原論文：http://www.arxiv.org/pdf/1505.04597.pdf

1、基本框架

Unet包括兩部分：第一部分，特徵提取（convolution layers），與VGG、Inception、ResNet等類似。第二部分上採樣部分（upsamping layers）。convolutions layers中每個pooling layer前一刻的activation值會concatenate到對應的upsamping層的activation值中。由於網絡結構像U型，所以叫U-Net網絡。

特徵提取部分（convolution layers），每經過一個池化層就一個尺度，包括原圖尺度一共有5個尺度。
上採樣部分（upsamping layers），每上採樣一次，就和特徵提取部分對應的通道數相同尺度融合，但是融合之前要將其crop。這裏的融合也是拼接。

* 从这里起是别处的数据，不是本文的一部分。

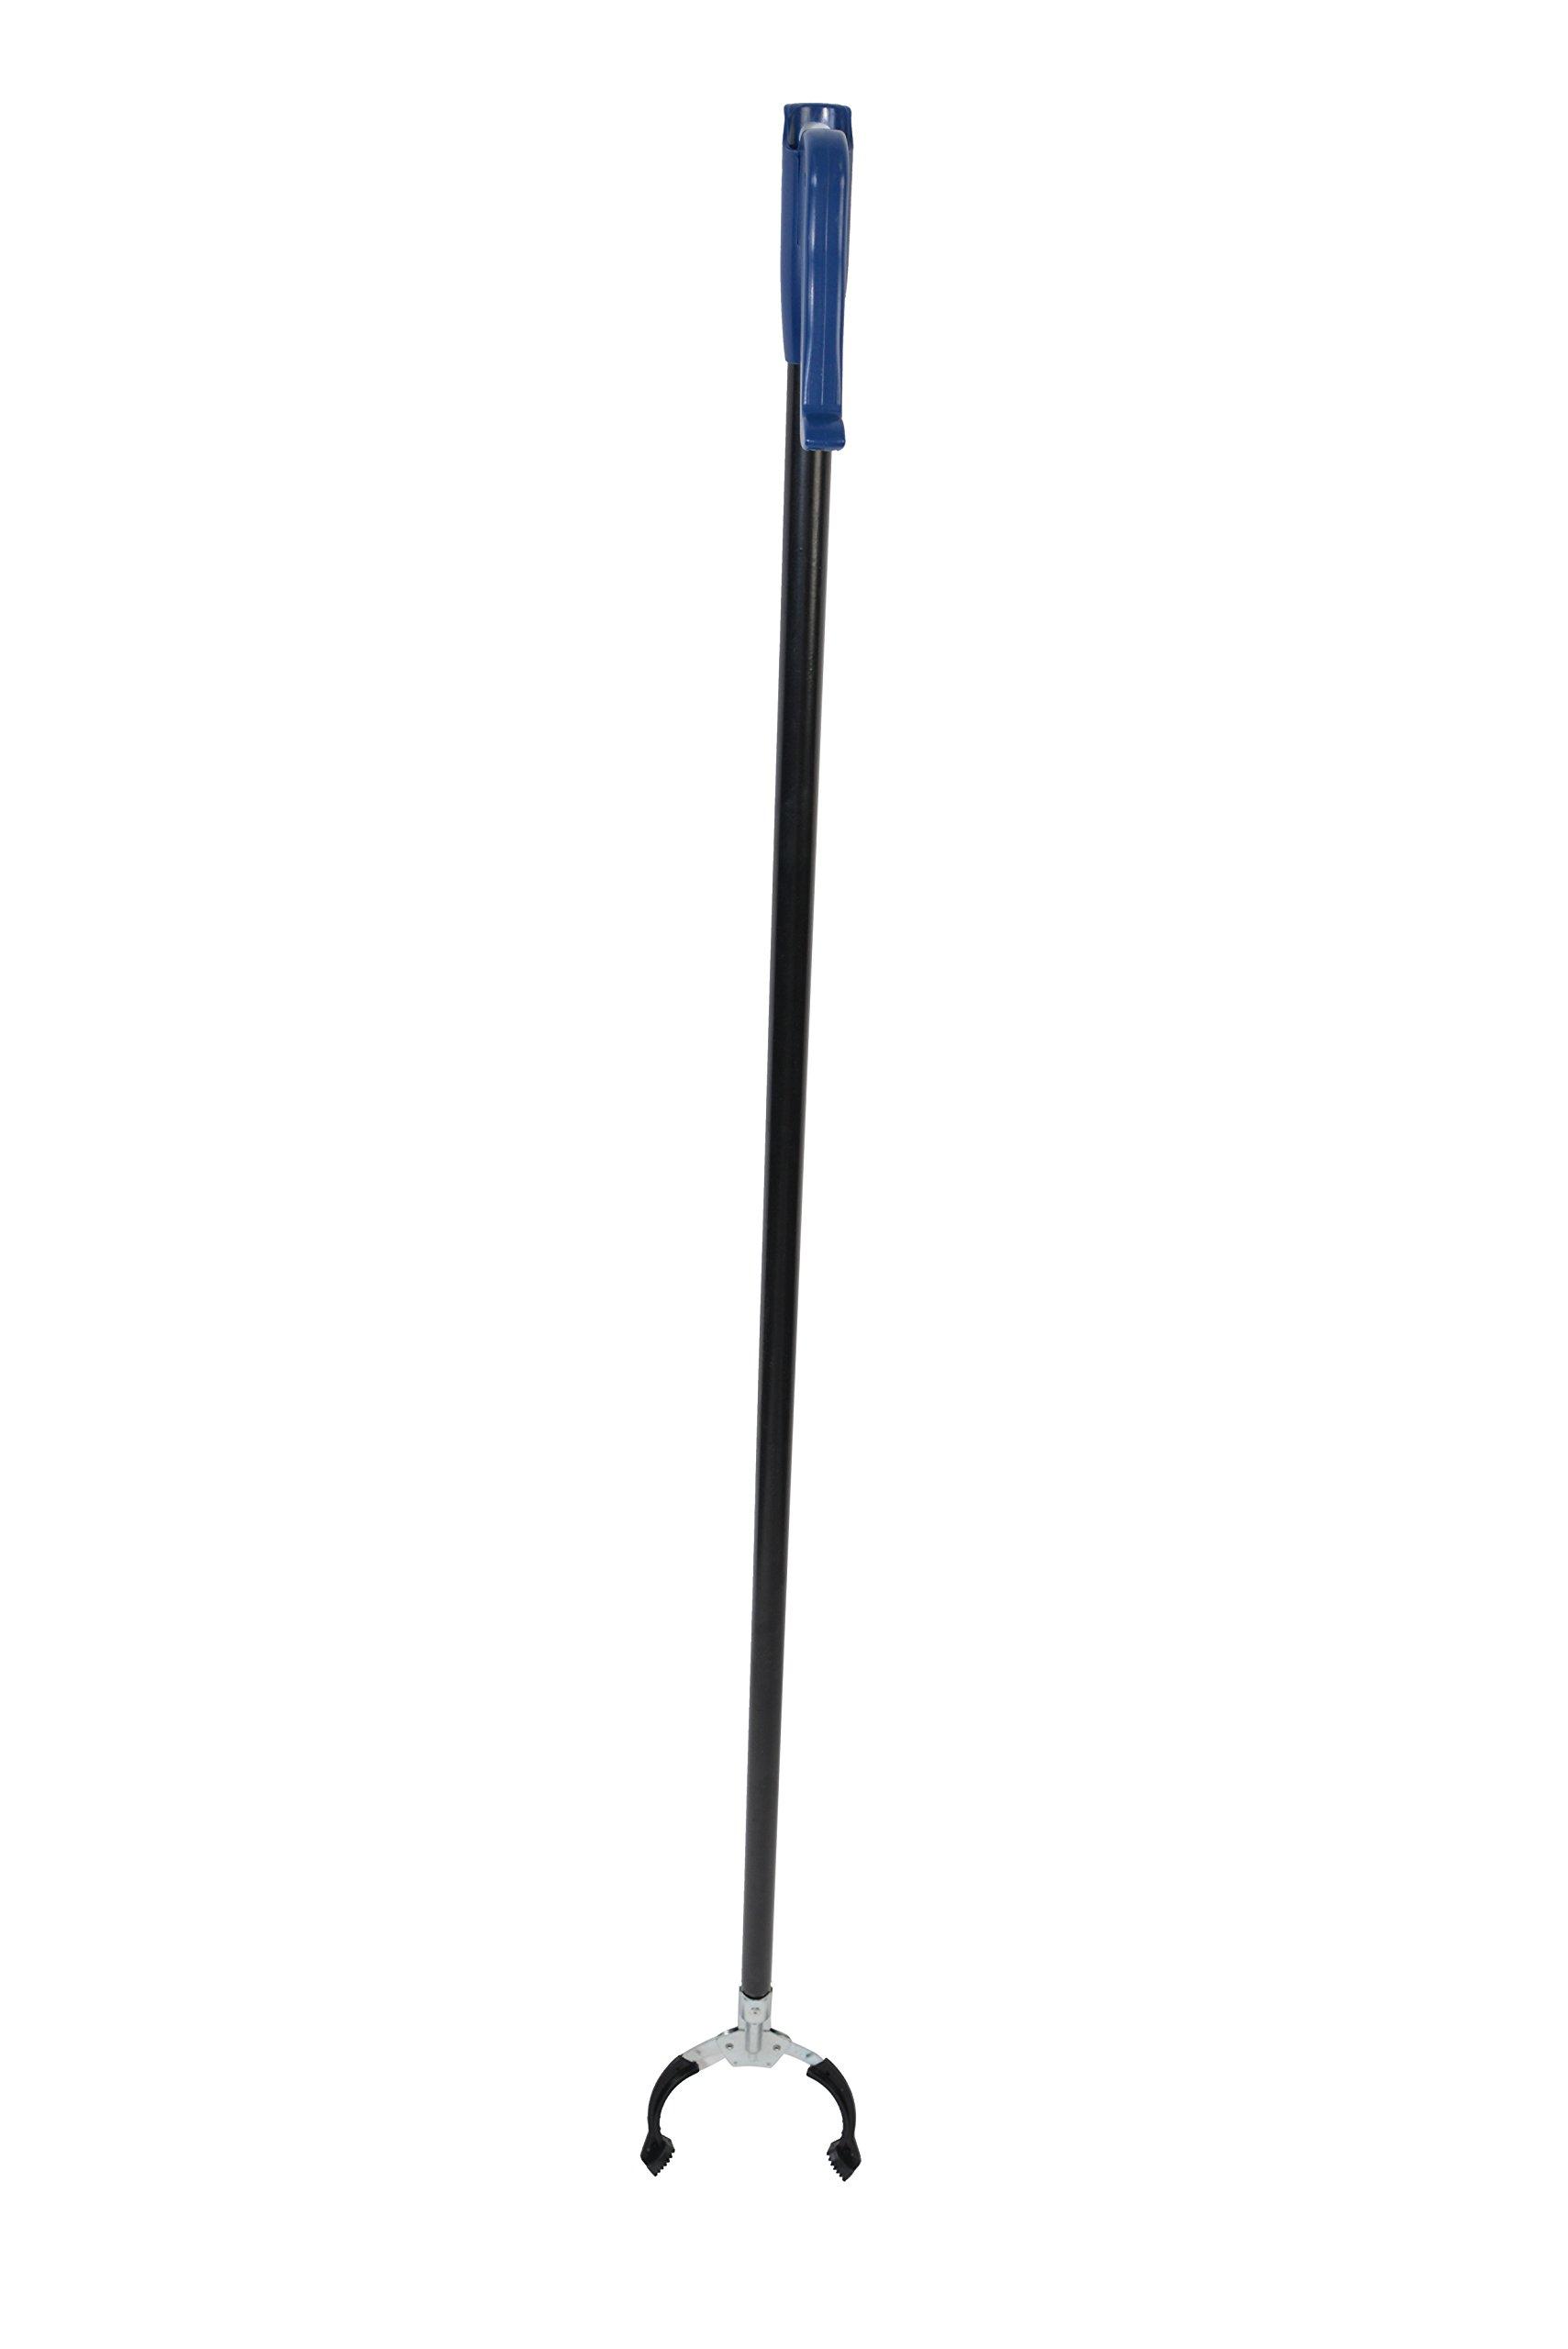 Janico 4870 Pickup Tool Richer Grabber, 36'' Length (Black, Pack of 1)

Unet可以採用resnet/vgg/inception+upsampling的形式來實現。

Architecture:
a. U-net建立在FCN的網絡架構上，作者修改並擴大了這個網絡框架，使其能夠使用很少的訓練圖像就得到很精確的分割結果。
b.添加上採樣階段，並且添加了很多的特徵通道，允許更多的原圖像紋理的信息在高分辨率的layers中進行傳播。
c. U-net沒有FC層，且全程使用valid來進行卷積，這樣的話可以保證分割的結果都是基於沒有缺失的上下文特徵得到的，因此輸入輸出的圖像尺寸不太一樣(但是在keras上代碼做的都是same convolution)，對於圖像很大的輸入，可以使用overlap-strategy來進行無縫的圖像輸出。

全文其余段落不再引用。